In Sunday school, I was often reminded that the church was not the stones and mortar of the building but the sum total of the people who made up the congregation. St. Paul on more than one occasion tells his listeners they, not him or the head of the congregation, but all who are part of the congregation are part of the Body of Christ and then further builds on how each of us, through the gifts and talents God has given us at birth, have a part to play in allowing the work of the congregation to function in fulfilling its role in the kingdom on earth.
Unfortunately, our understanding of being created in the context of relationship and within the total context of creation has greatly disappeared as our emphasis as individuals has risen. As debate in this country continues over foreign policy, gun control, same-sex marriage etc. at the very root of the debate is the question as to how we balance individual freedoms while extending these same freedoms to those who for centuries have been marginalized members of both our society and the global society we now live in.
In recent international treaty discussions, congress has questioned how much we are willing to limit our sovereign rights in order to enter into international agreements centered on issues of climate change, environmental conservation, etc. Issues surrounding gun control continue to fall along the lines of ones rights to bear arms and the overall health a safety of the community.
Even when understanding understanding of what it means to be part of the church has changed over the past forty years. With the rise of the nones, those who have no religious affiliation and those who claim to be spiritual but not religious, meaning they believe they have found God without an institutional relationship, individual piety is trumping the communal sharing and understanding of God. How contrary these beliefs are in comparison with our earliest understanding of the church. Even sadder, our sense and commitment to the greater community is eroding away with it.
According to some sociologists, the demise of our interconnection started with the loss of the front porch, literally our door way into the world. Others may say it came with the advent of the car and urban sprawl. I am not sure this is necessarily true. All throughout American history, the individual has been held in high esteem. We glorify the self-made and totally independent individual who came into this country with but the shirt on his or her back, who pulled him or herself up by the bootstraps and has become a great success. But anyone who has become a great success knows, pride and arrogance are vices not virtues. And that most who are successful are successful because they had the fortitude to never give up, were willing to listen to others and seize opportunities when they became available.
No one can grow in the image of God, or fulfill the dream God has ordained for them outside the context of community. Yes, we can be spiritual but not religious for a little while before our growth is stunted. It is only through the relationships we form with each other that we are challenged to move forward in our journey’s with God, where we are able to clearly discern our path with God and survive the inevitable spiritual challenges everyone faces from time to time.

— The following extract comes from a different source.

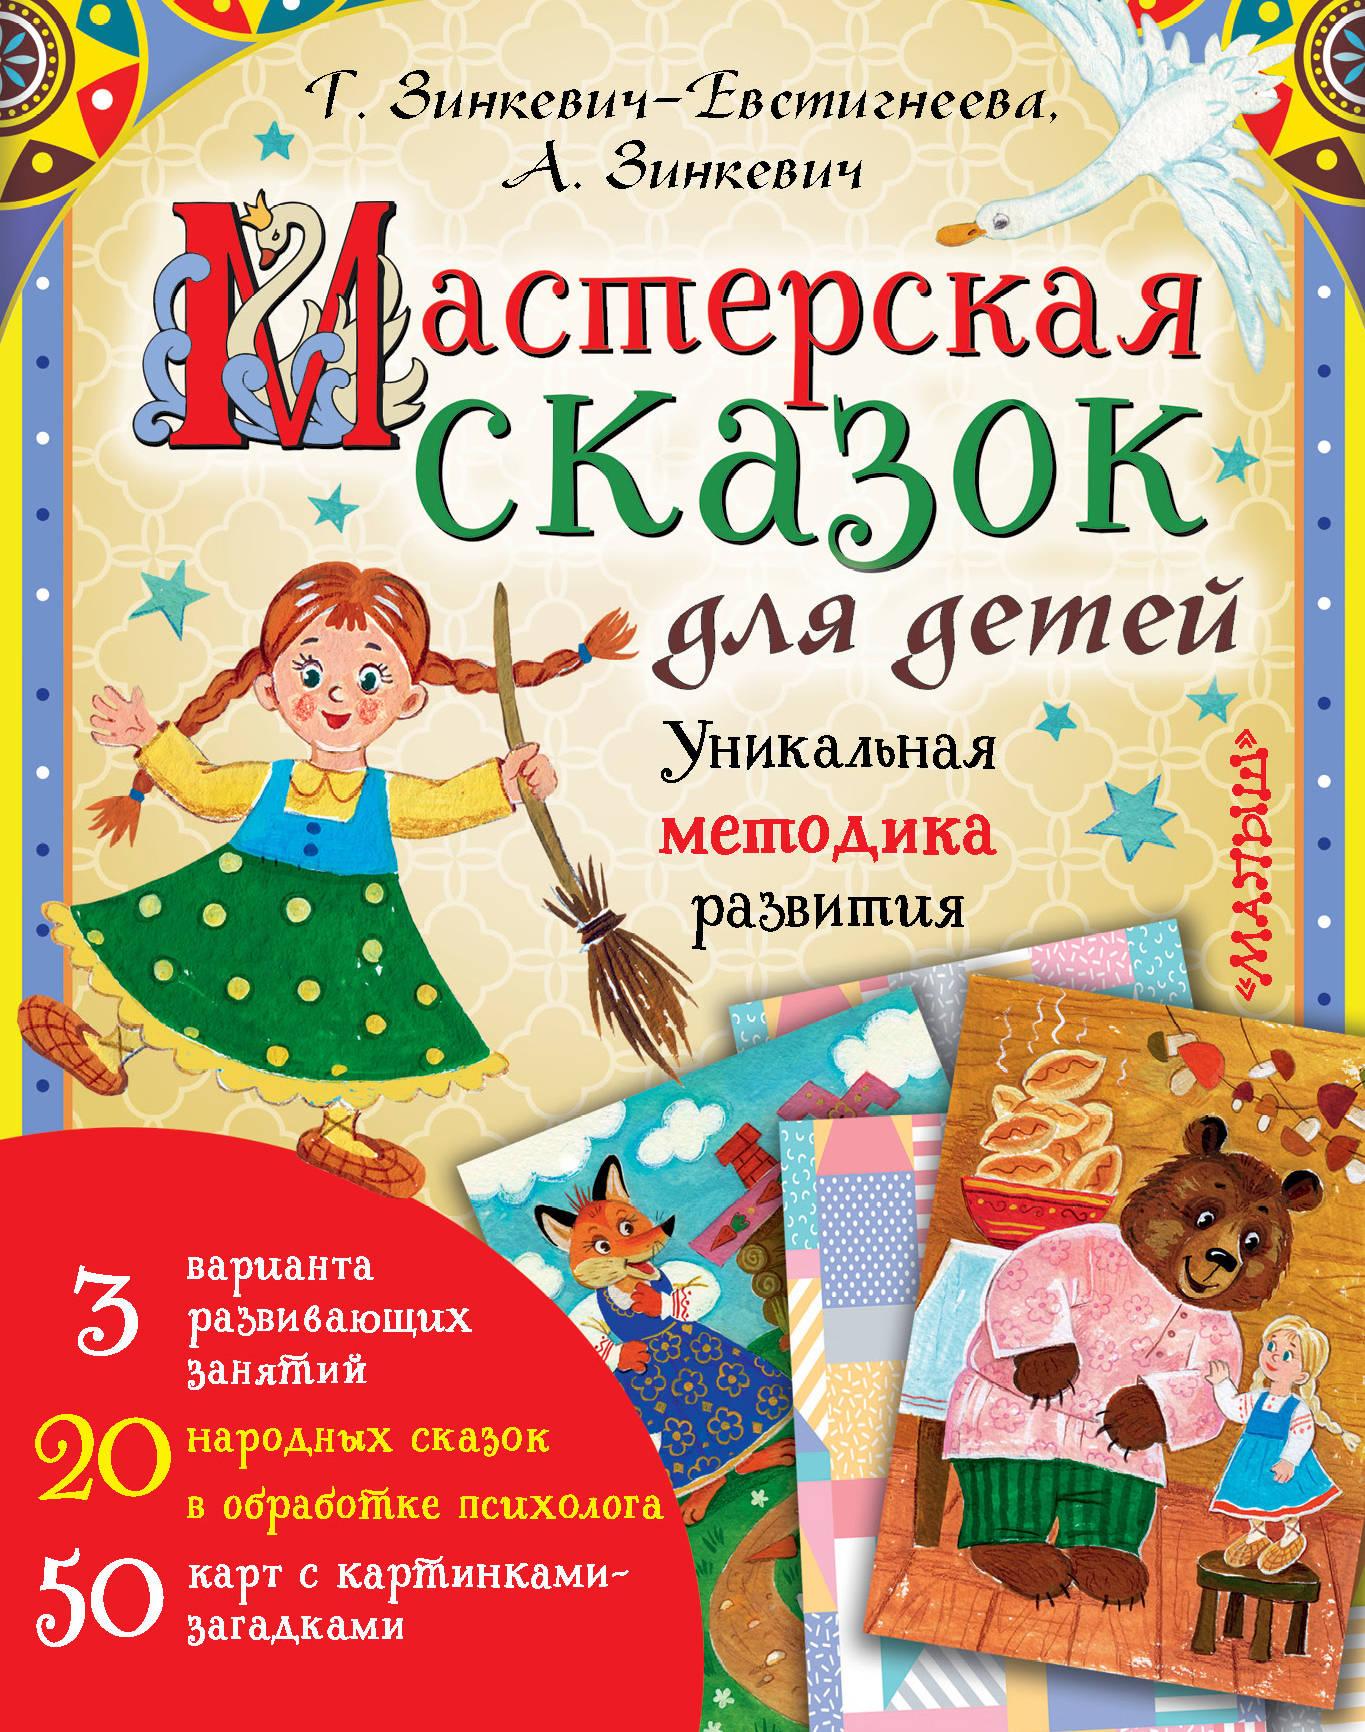 Мастерская сказок для детей

Sadly, even at St. Luke’s we have seen the ongoing erosion of our life as a community. In a world where time is our greatest commodity, we have lost the sense of how important it is to just be together as a community. Often we are asked to choose between our families who are not actively involved with the church and opportunities to be part of the church beyond Sunday mornings. Others of us have left behind traditions which did not emphasize participation beyond Sunday mornings, did not encourage us to study and share our own understanding of the Bible with others. You have rejoiced in the freedom to explore the Bible and to form your own opinions, now consider being part of the greater life of this community, allow yourself the opportunity to be in deeper relationship with others.
For as children of God we have been created to be in relationship with each other, to live within the image of the Trinity by living and growing spiritually in the context of community. We need to be constantly mindful that in isolation we are easily broken and defeated, but bound together we are unbreakable, in the same way the Godhead has been since the beginning of time.